Providing cost savings as well as performance, personalization, privacy and security benefits
Qualcomm-image

As generative artificial intelligence (AI) adoption grows at record-setting speeds1 and computing demands increase2, hybrid processing is more important than ever. But just like traditional computing evolved from mainframes and thin clients to today’s mix of cloud and edge devices, AI processing must be distributed between the cloud and devices for AI to scale and reach its full potential. 

A hybrid AI architecture distributes and coordinates AI workloads among cloud and edge devices, rather than processing in the cloud alone. The cloud and edge devices — smartphones, cars, personal computers, and Internet of Things (IoT) devices — work together to deliver more powerful, efficient and highly optimized AI.

 

The main motivation is cost savings.
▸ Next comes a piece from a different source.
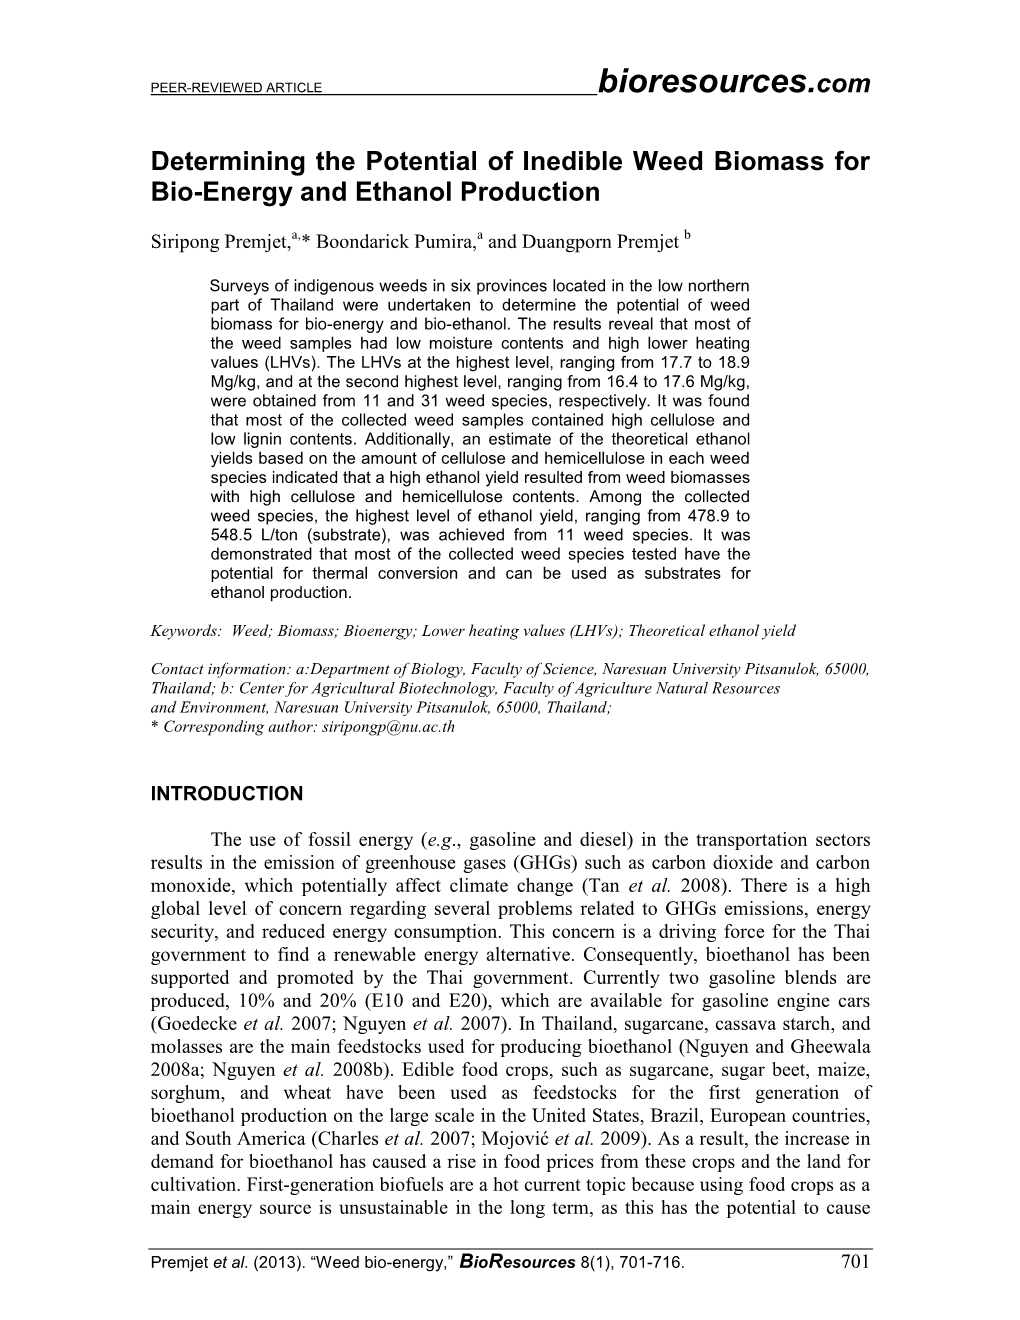 Determining the Potential of Inedible Weed Biomass for Bio-Energy and Ethanol Production

For instance, generative AI-based search cost per query is estimated to increase by 10 times compared to traditional search methods3 — and this is just one of many generative AI applications.

 

Hybrid AI will allow generative AI developers and providers to take advantage of the compute capabilities available in edge devices to reduce costs. A hybrid AI architecture (or running AI on-device alone) offers the additional benefits of performance, personalization, privacy and security at a global scale.

These architectures can have different offload options to distribute processing among cloud and devices depending on factors such as model and query complexity. For example, if the model size, prompt and generation length is less than a certain threshold and provides acceptable accuracy, inference can run completely on the device. If the task is more complex, the model can run across cloud and devices. 

Hybrid AI even allows for devices and cloud to run models concurrently — with devices running light versions of the model while the cloud processes multiple tokens of the full model in parallel and corrects the device answers if needed.

 

The future of AI is hybrid — Part I: Unlocking the generative AI future with on-device and hybrid AI
Qualcomm-image
In a device-centric hybrid AI architecture, the cloud is only used to offload AI tasks that the device cannot sufficiently perform.

 

Scaling generative AI with edge devices

The potential of hybrid AI grows further as powerful generative AI models become smaller while on-device processing capabilities continue to improve. AI models with more than 1 billion parameters are already running on phones with performance and accuracy levels similar to those of the cloud, and models with 10 billion parameters or more are slated to run on devices in the near future.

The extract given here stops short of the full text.